● **Raw data**:
•••••
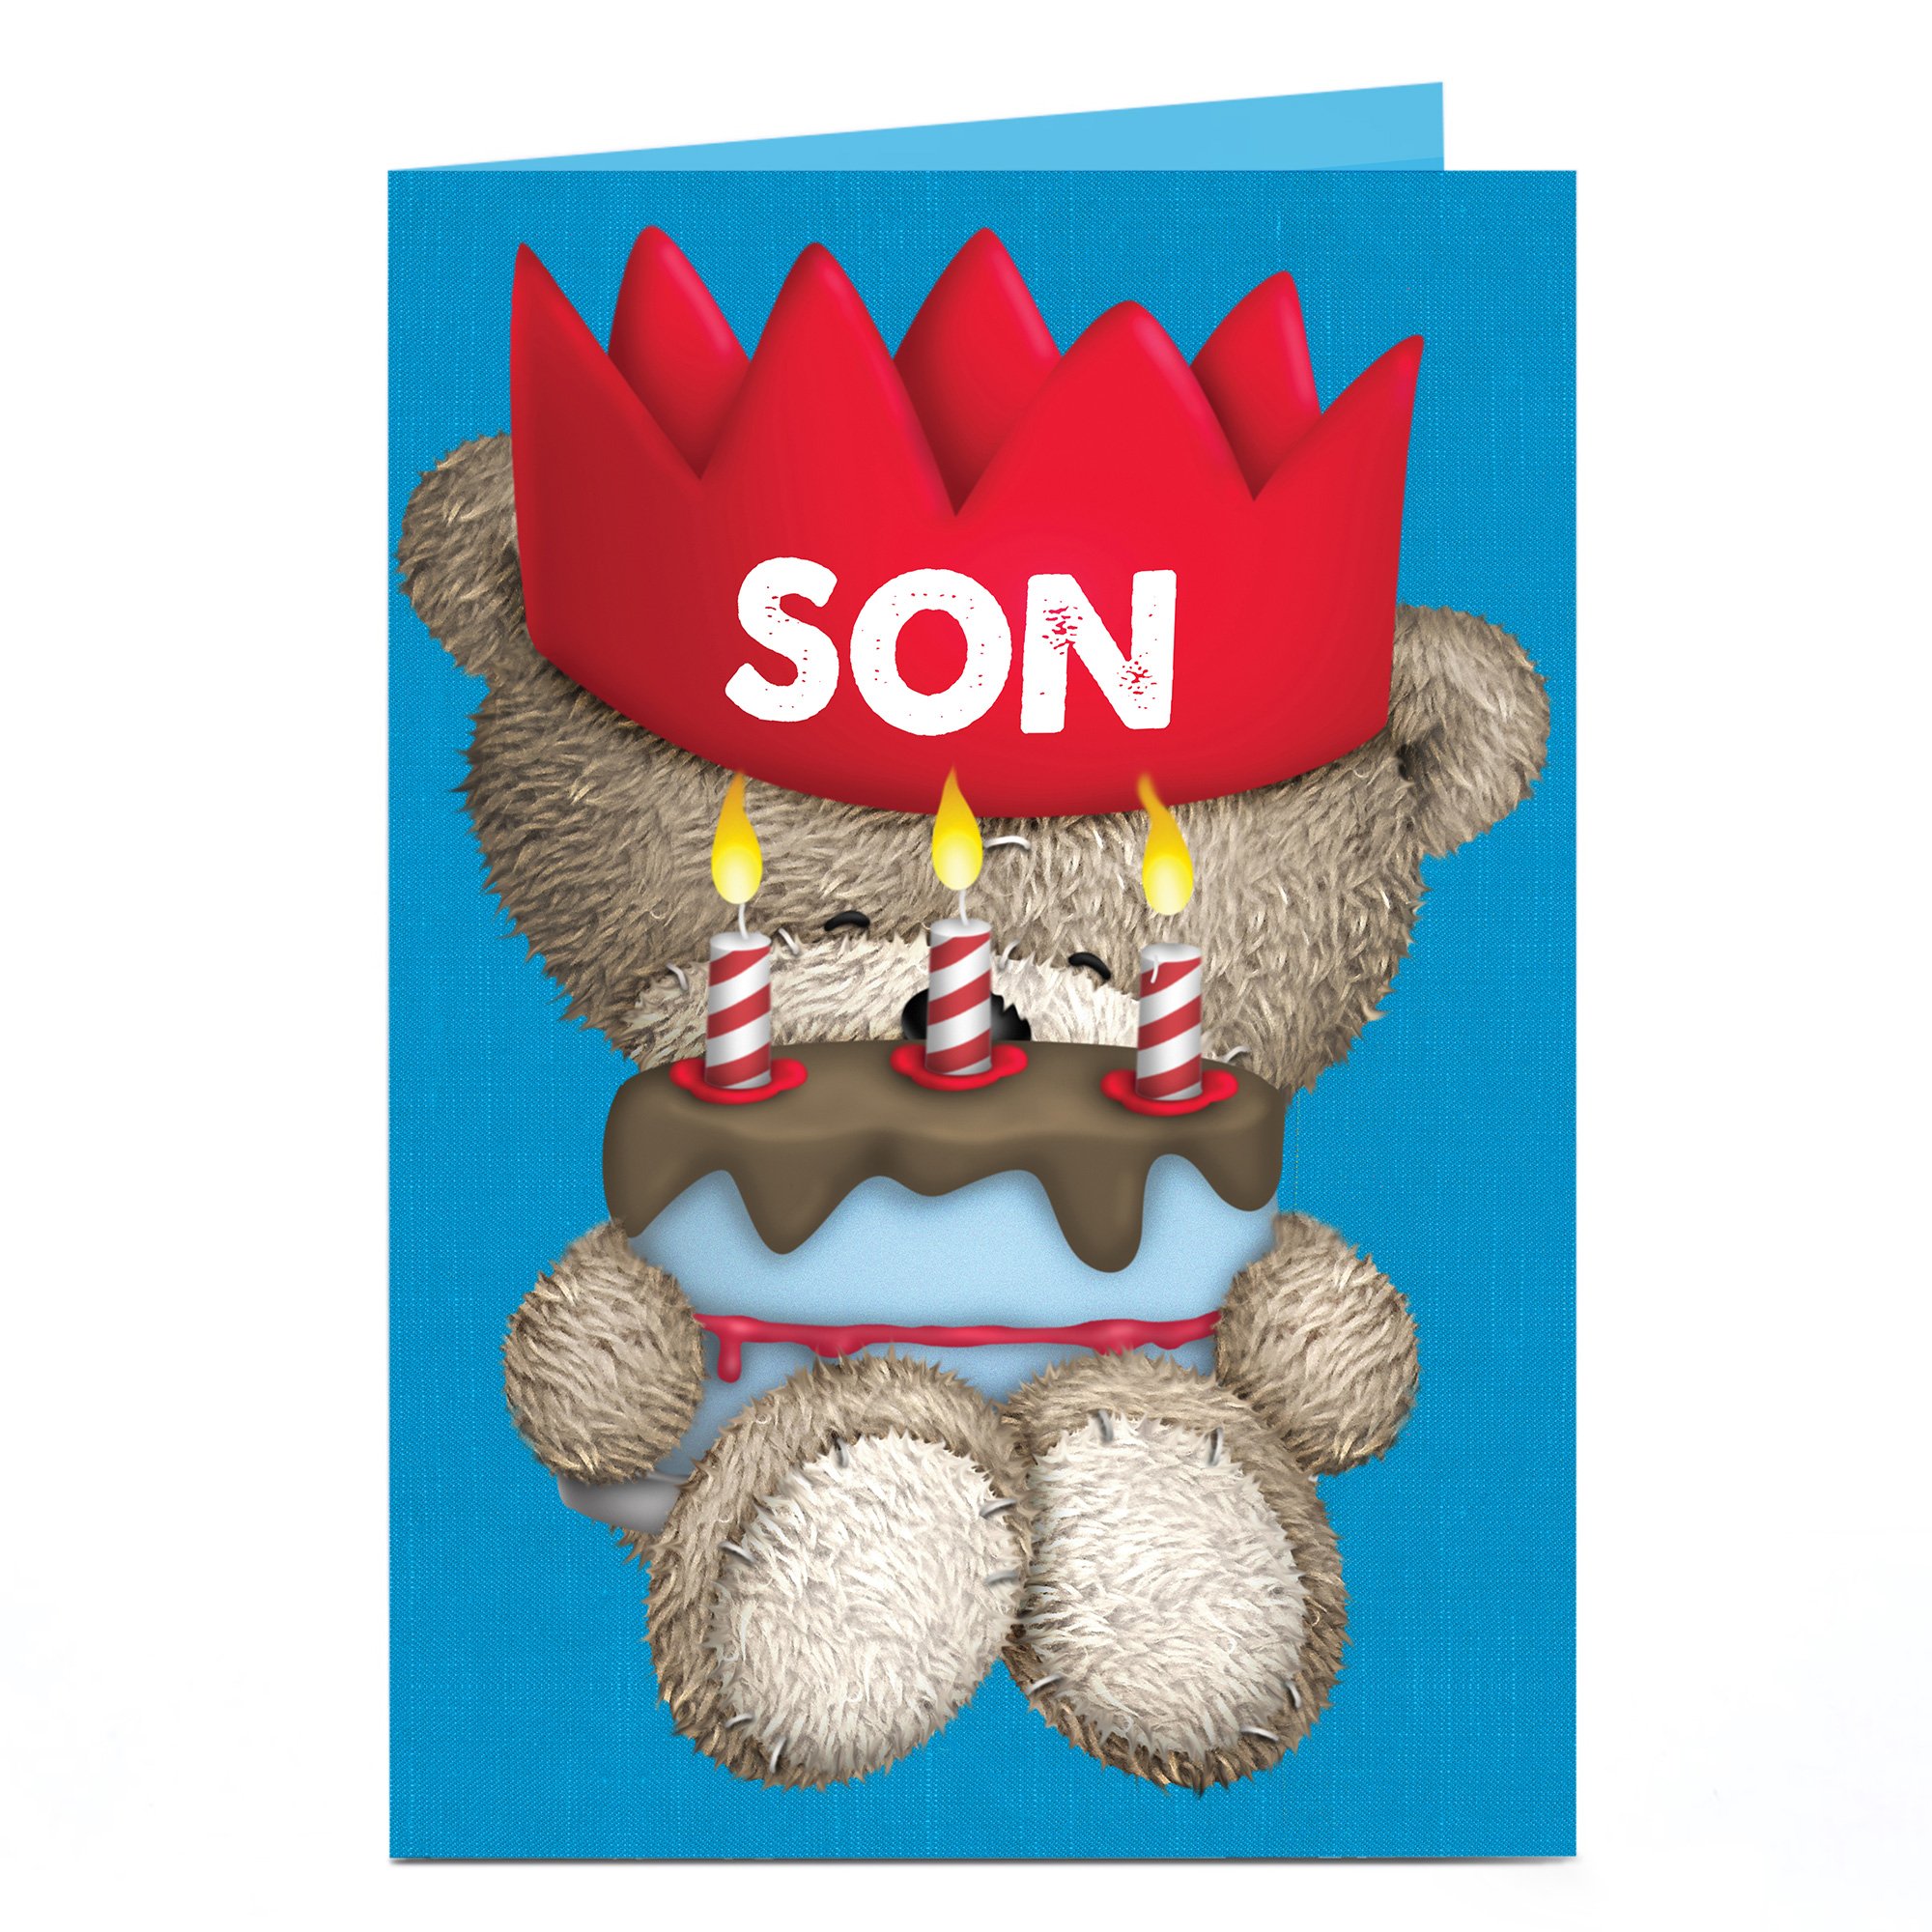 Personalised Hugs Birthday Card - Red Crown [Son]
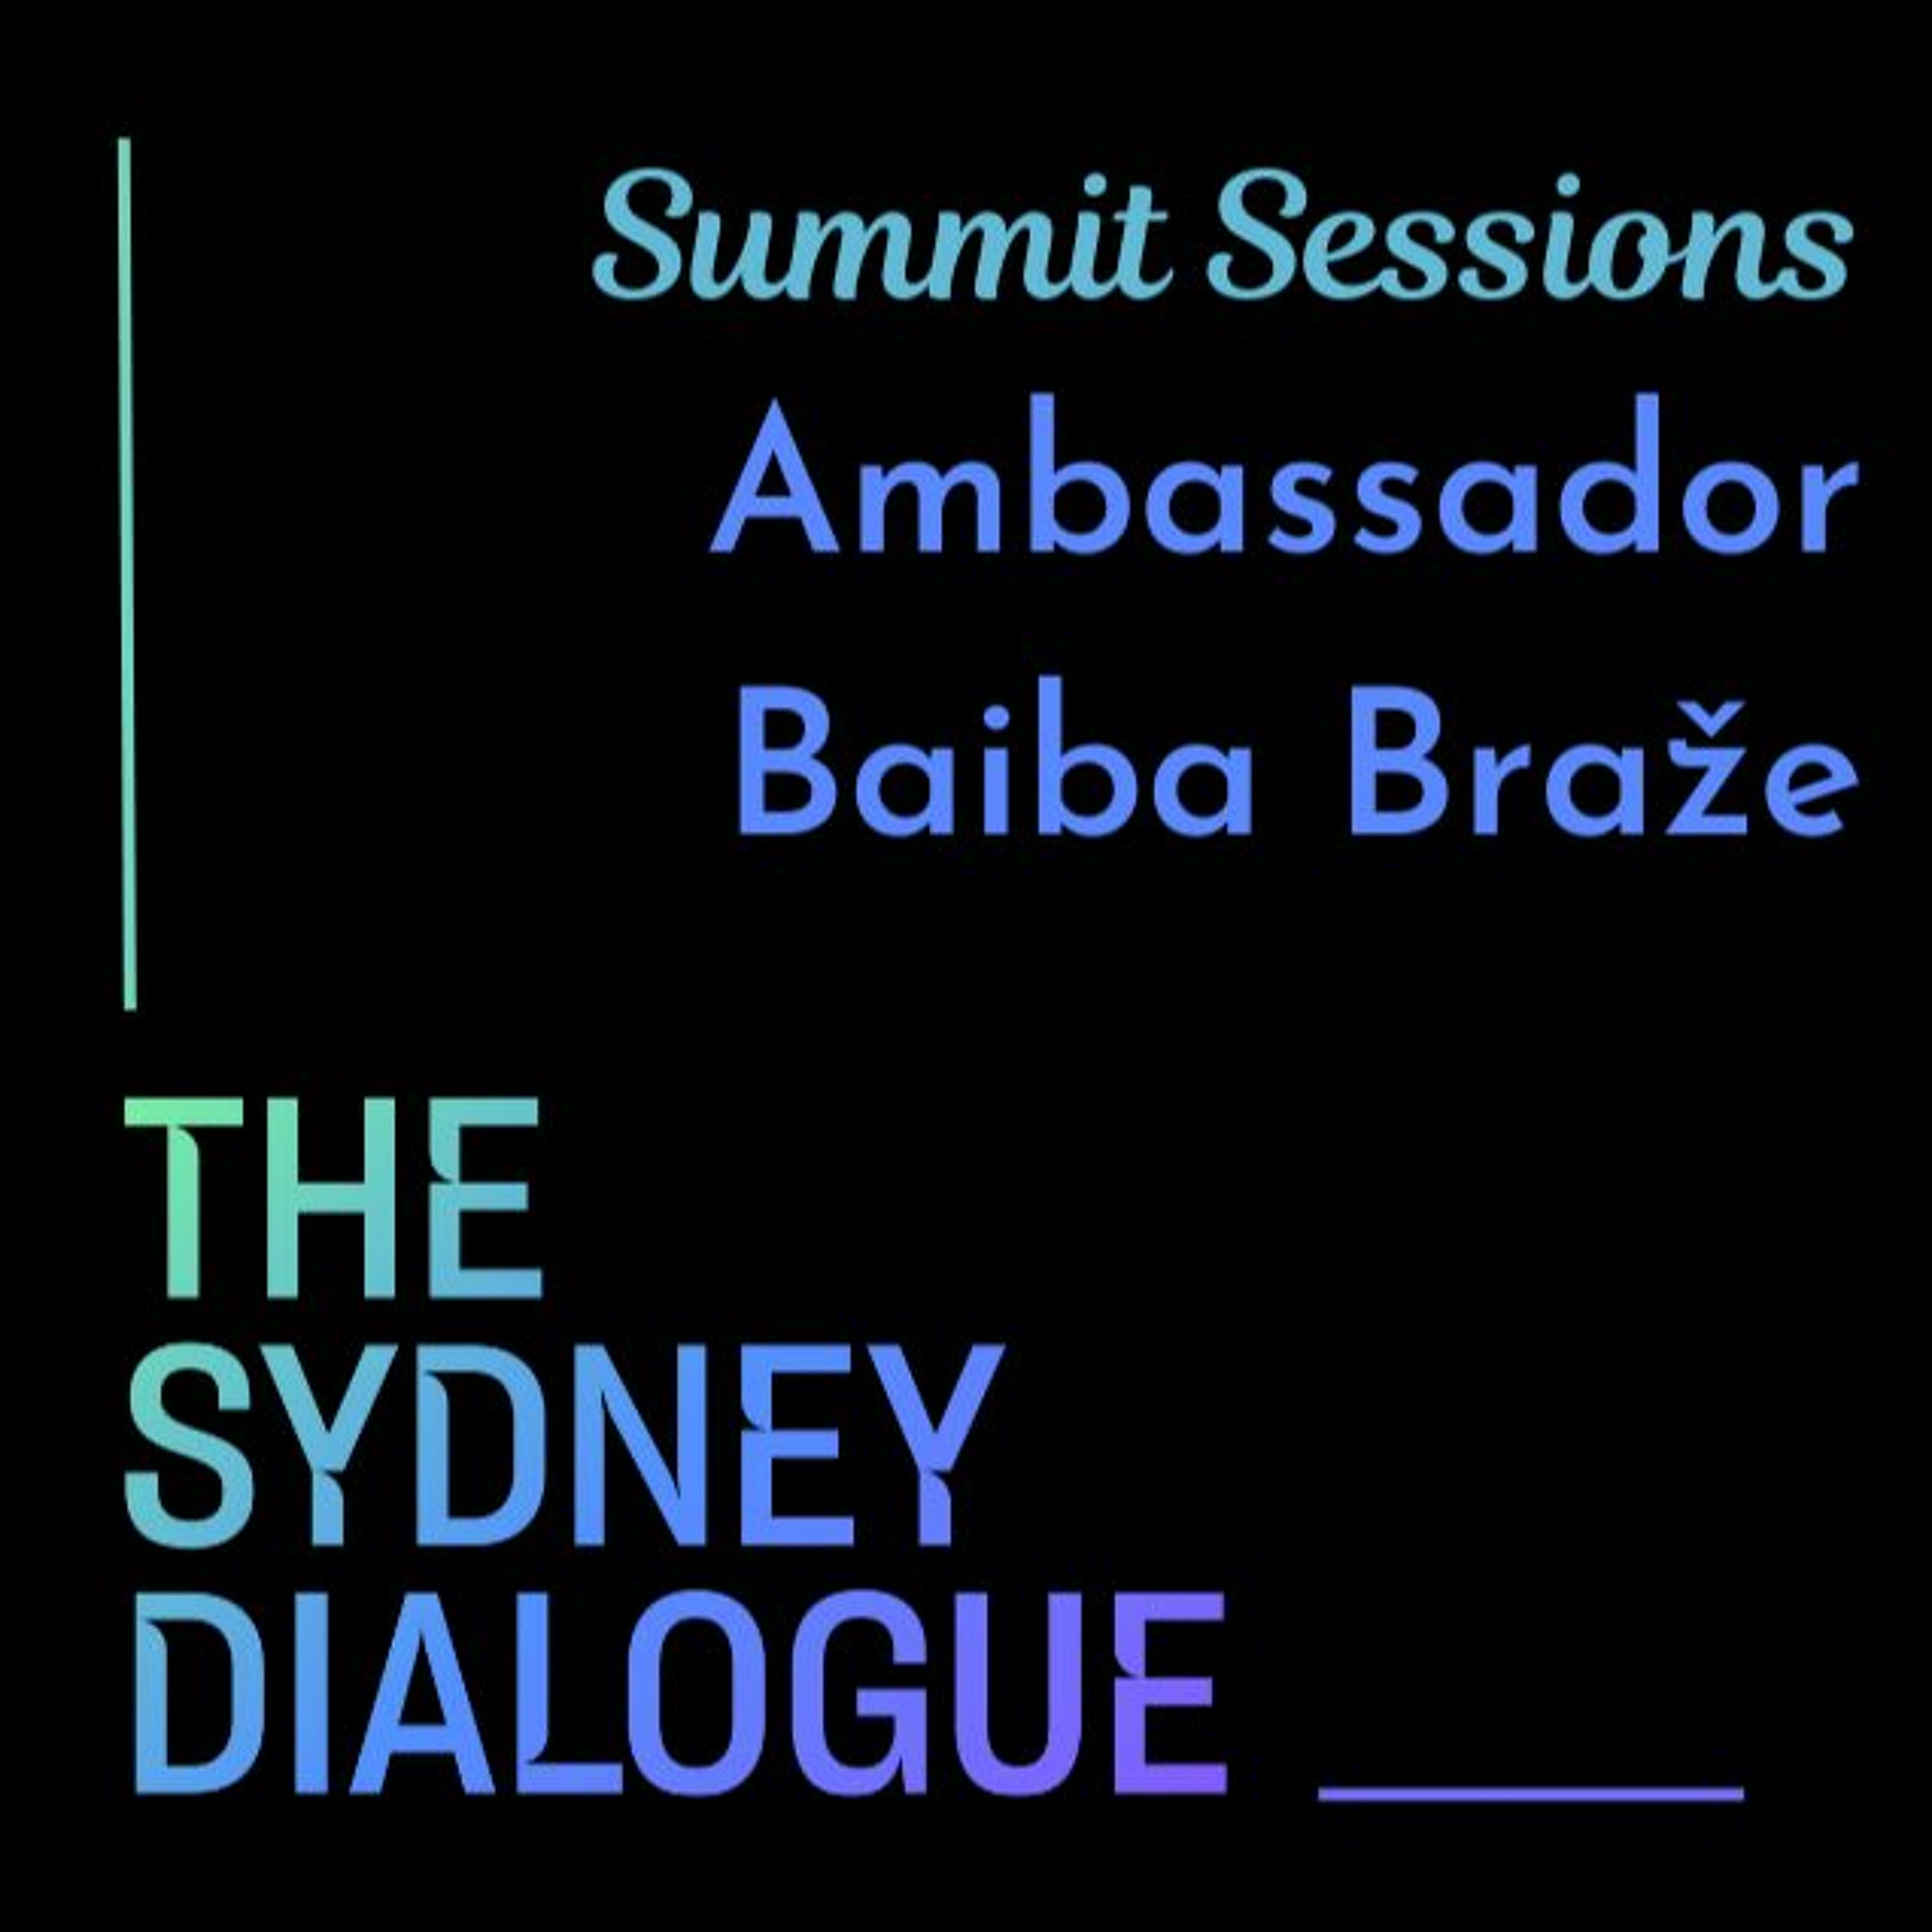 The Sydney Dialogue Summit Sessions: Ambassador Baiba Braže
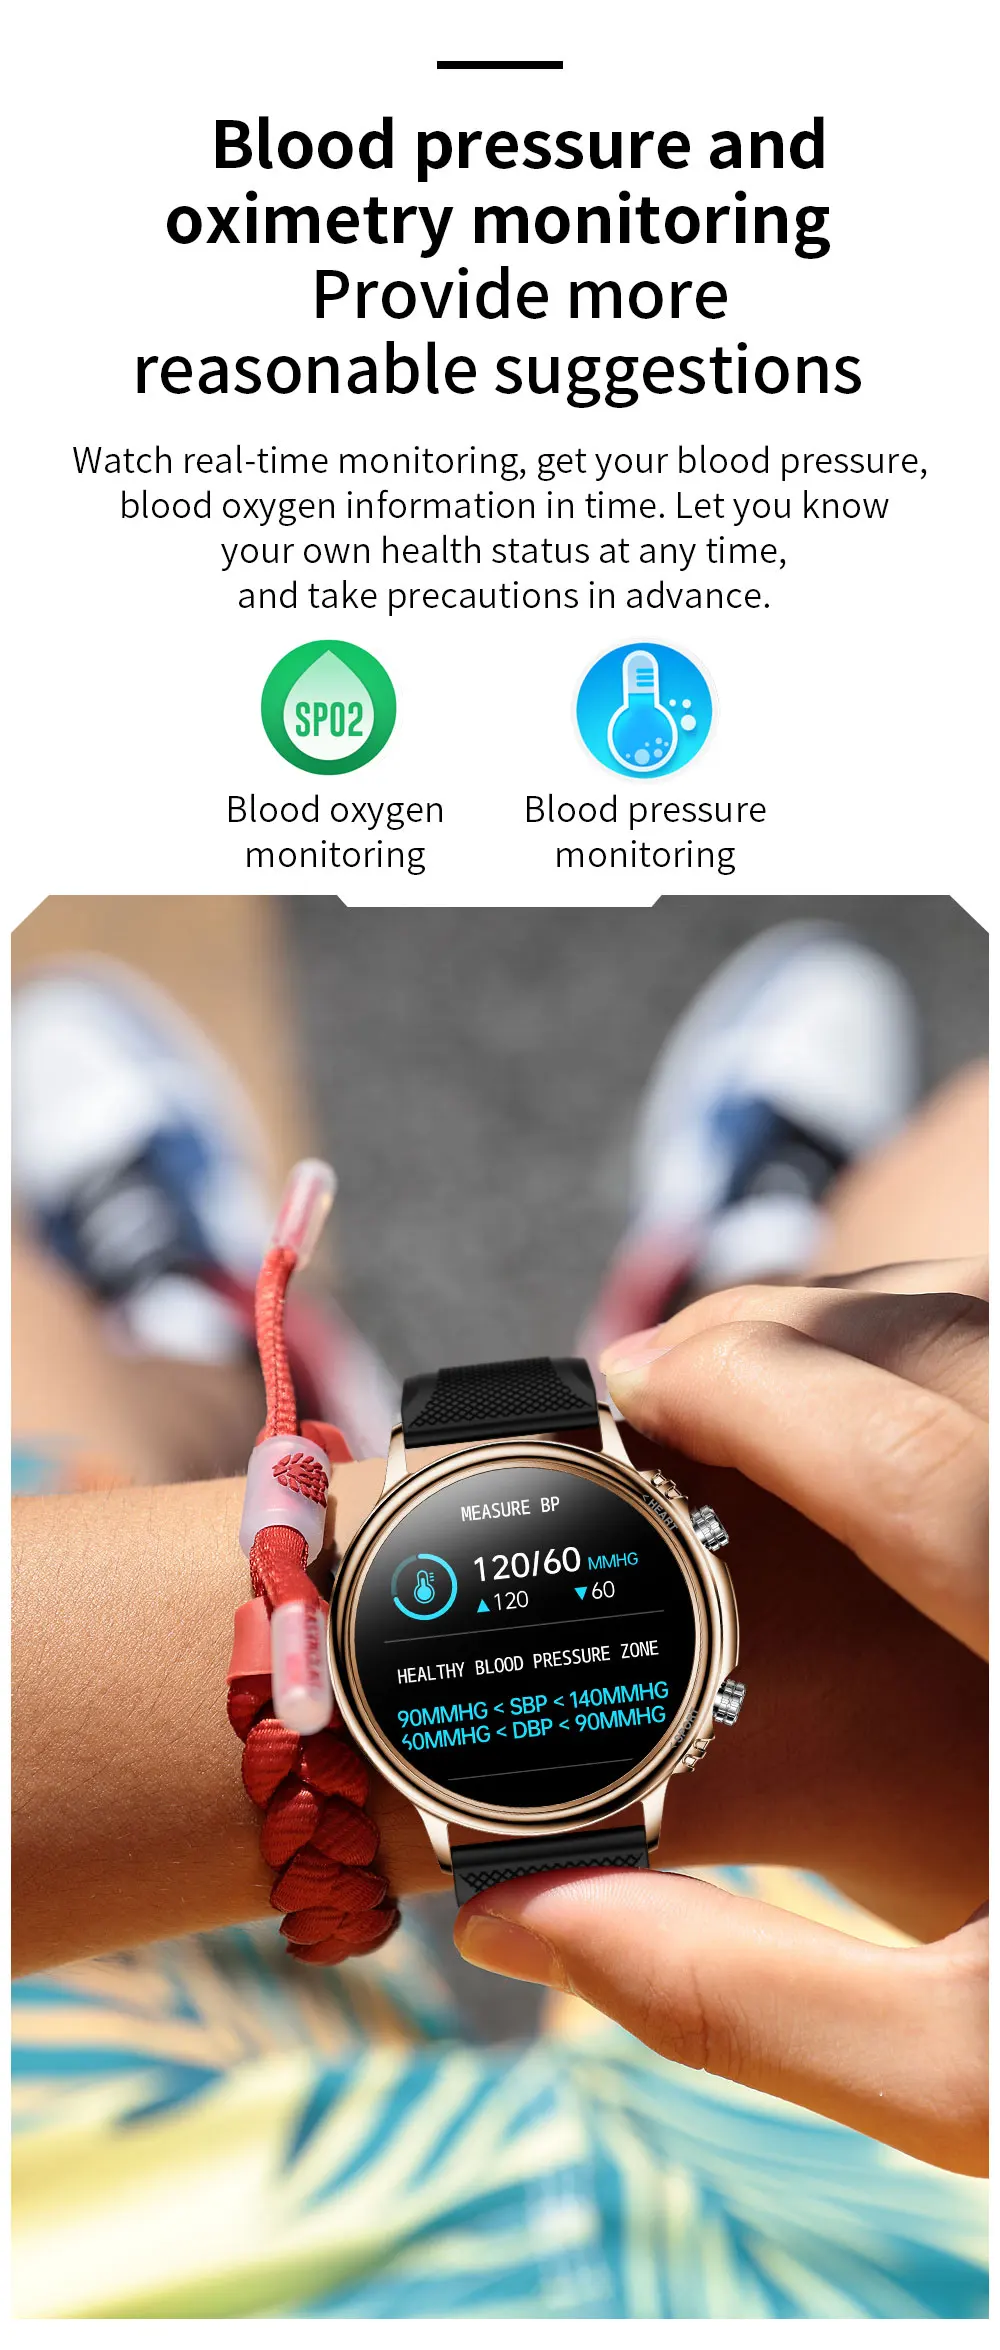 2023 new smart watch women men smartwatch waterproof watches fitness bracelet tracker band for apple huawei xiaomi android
•••••
● **Task to complete**:
What the answer needs is every line from the one with "The Sydney Dialogue" through the last line of the data, reproduced word for word and with pictures omitted.

● **Problem solution**:
 The Sydney Dialogue Summit Sessions: Ambassador Baiba Braže
 2023 new smart watch women men smartwatch waterproof watches fitness bracelet tracker band for apple huawei xiaomi android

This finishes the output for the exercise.